Pure adenocarcinomas of the urothelial tract are rare and are distinguished by urachal or nonurachal origins. The urachus degenerates after embryogenesis to form the median umbilical ligament (also called the Xander ligament); adenocarcinomas arising from these remnants tend to have a better prognosis than the nonurachal adenocarcinomas.
Our discussion will focus on the predominant histologic subtype, transitional urothelial cell carcinoma.
Comprehensive Gene Expression Profiling for Identification of Multiple Molecular Subtypes of MIBC
The categorization and nomenclature used to describe urothelial cancer subtypes has recently shifted beyond histologic classification toward intrinsic subtypes, with hopes that it will more accurately reflect tumor biology and clinical outcomes. Several groups have conducted comprehensive whole-genome expression profiling of high-grade bladder cancer or MIBC.
Regardless of study-specific terminology, several common biological trends have emerged (Figure 1).

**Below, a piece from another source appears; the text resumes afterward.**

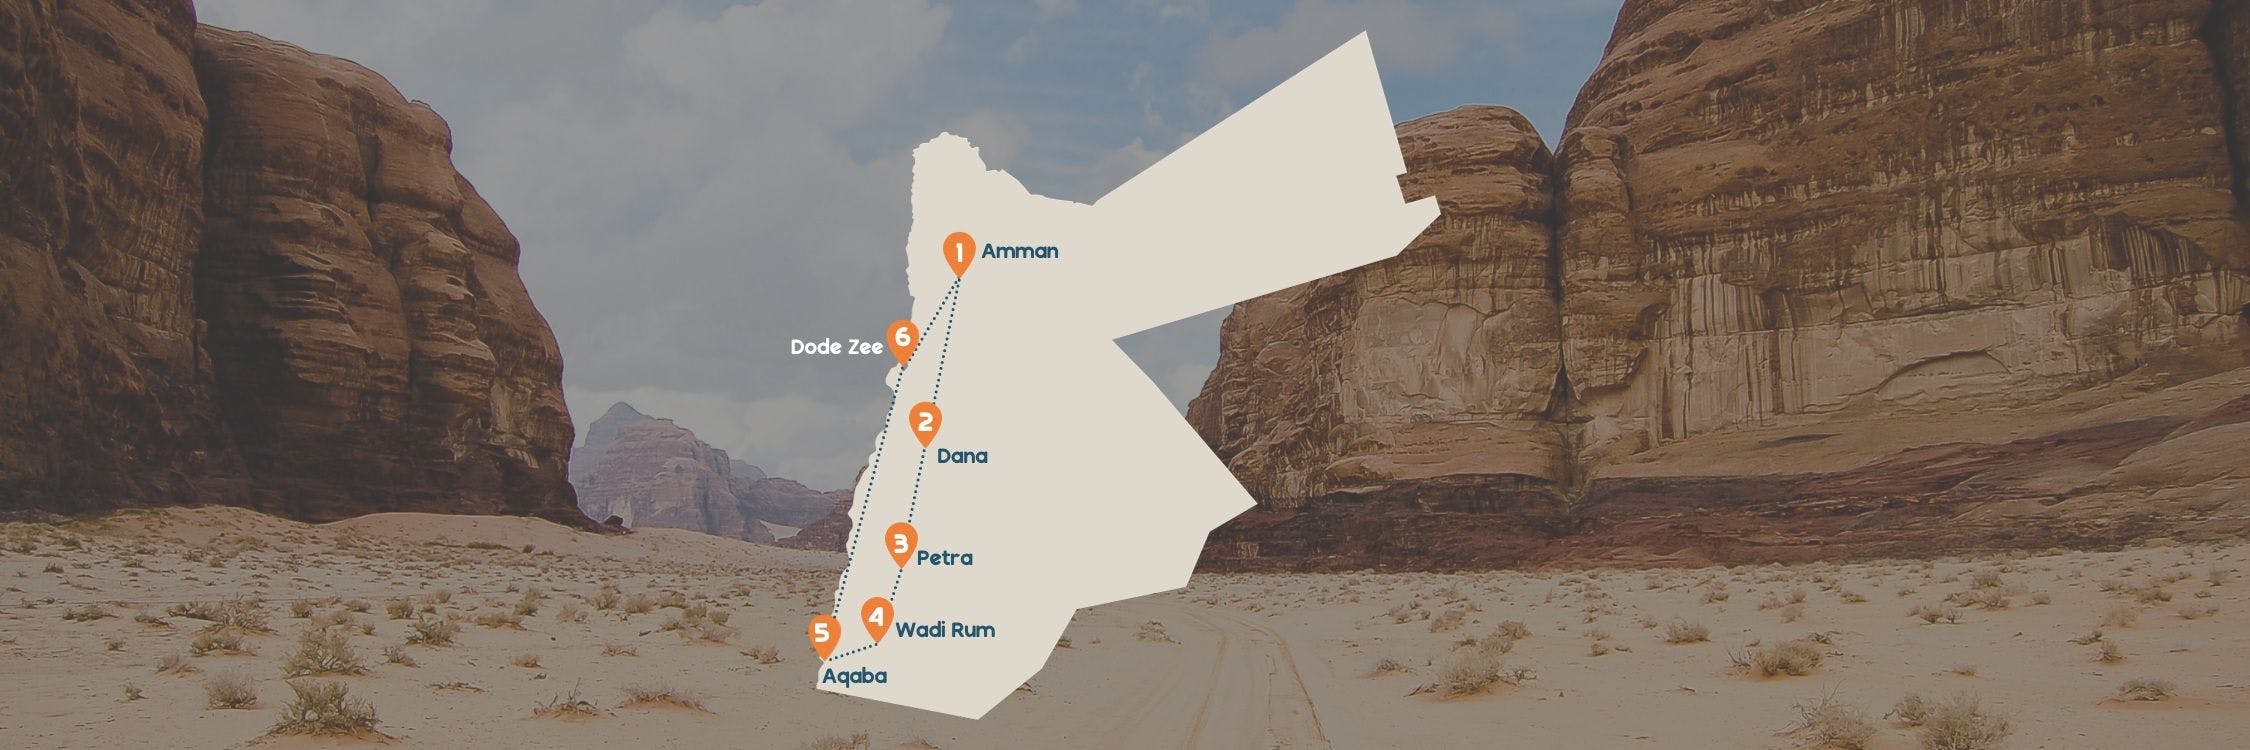 routekaart desktop jordanië bucketlist reis
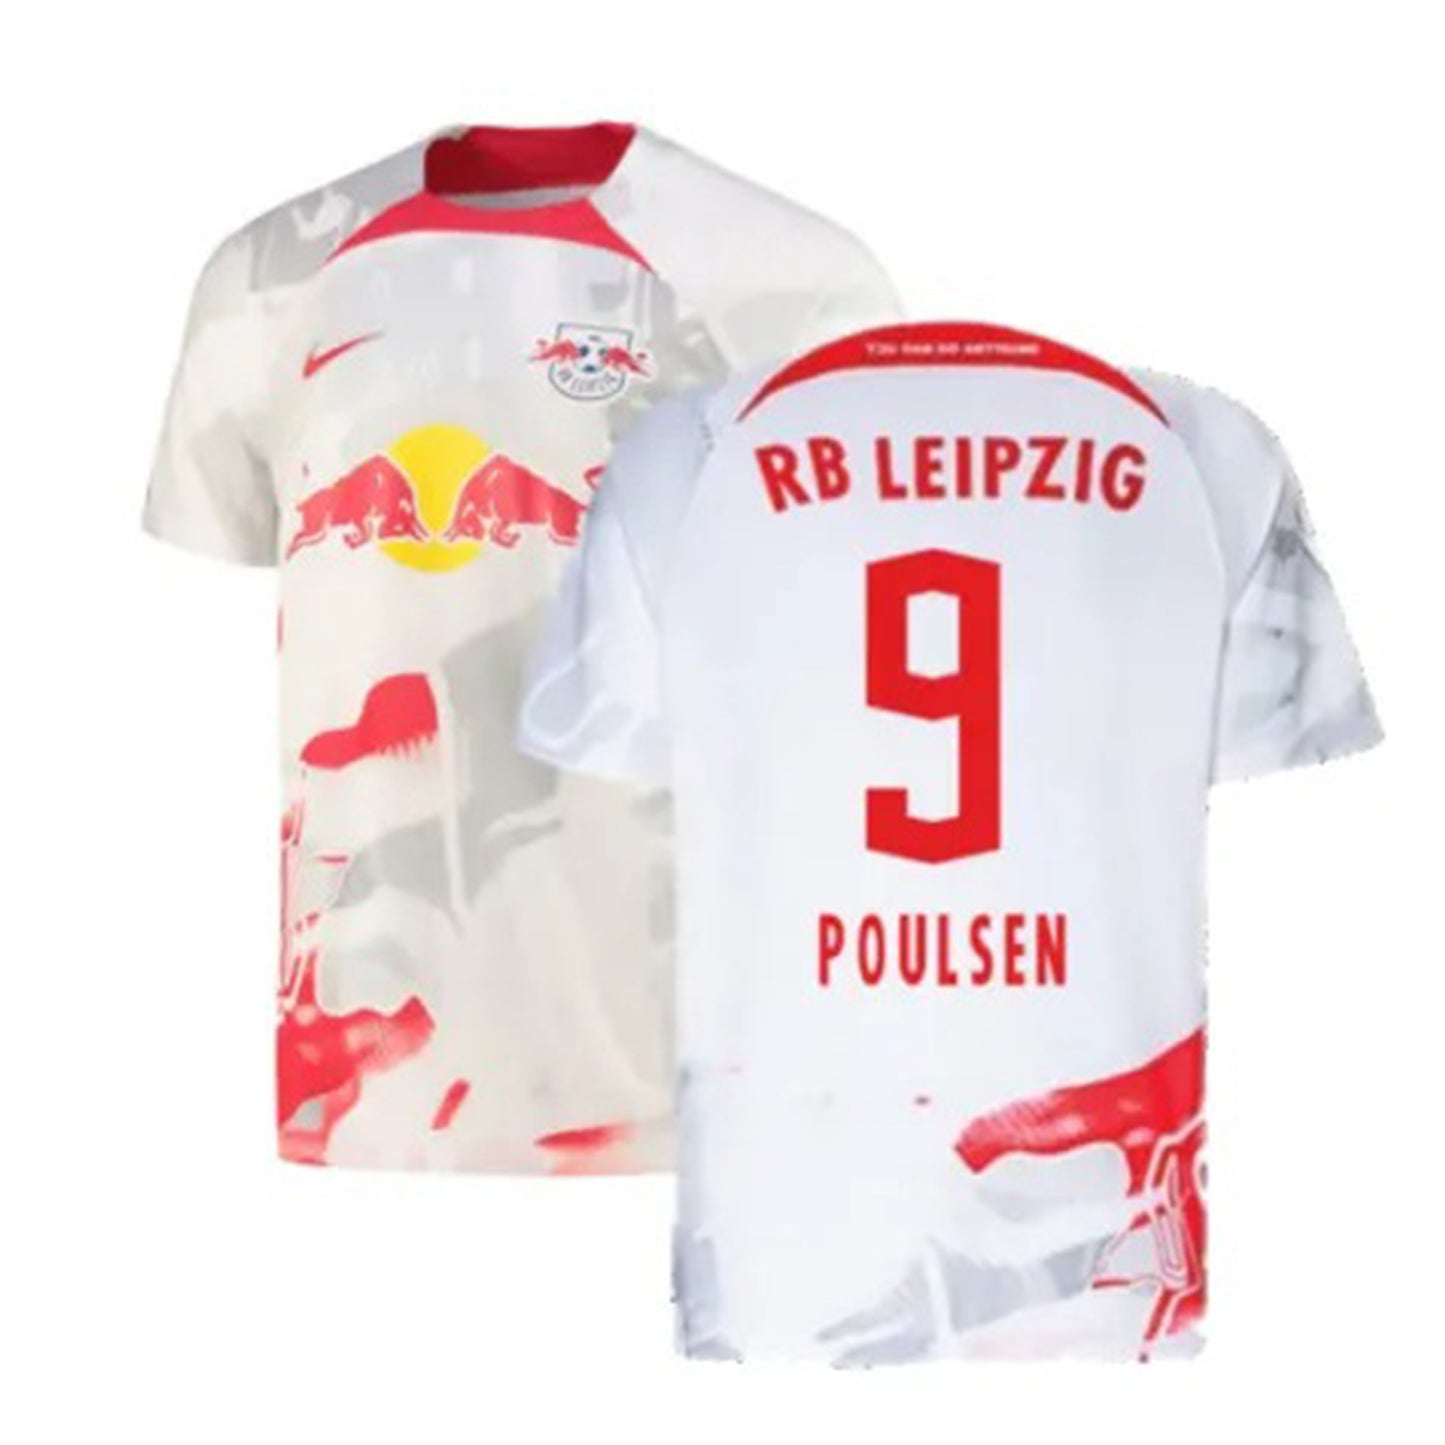 Yussuf Poulsen RB Leipzig 9 Jersey

Figure 1Muscle-invasive bladder cancer subtypes with integrated analysis linking both histologic origins, commonly observed molecular abnormalities, and clinicopathologic phenotypes. Generalized comparisons across each urothelial subtype from Lund University (Lund),
studies are represented. Selected common molecular and clinicopathologic features generally associated with each subtype are also presented. EMT = epithelial to mesenchymal; GU = genomically unstable; SCC = squamous cell carcinoma; UroB = urobasal B; for expansion of gene symbols, see www.genenames.org.
Basal tumors are associated with squamous or sarcomatoid differentiation, advanced-stage or metastatic disease at presentation, and a more aggressive clinical course.
Luminal tumors commonly contain papillary features and harbor sequence variations similar to those observed in NMIBC (such as FGFR3), raising suspicion that these malignancies develop from NMIBC.
This concept is supported by lineage tracing studies in preclinical models that identify the origin of tumor cells. These studies indicate that basal tumors arise from urothelial basal cells, and luminal tumors originate from luminal or intermediate cells from the urothelium (Figure 1).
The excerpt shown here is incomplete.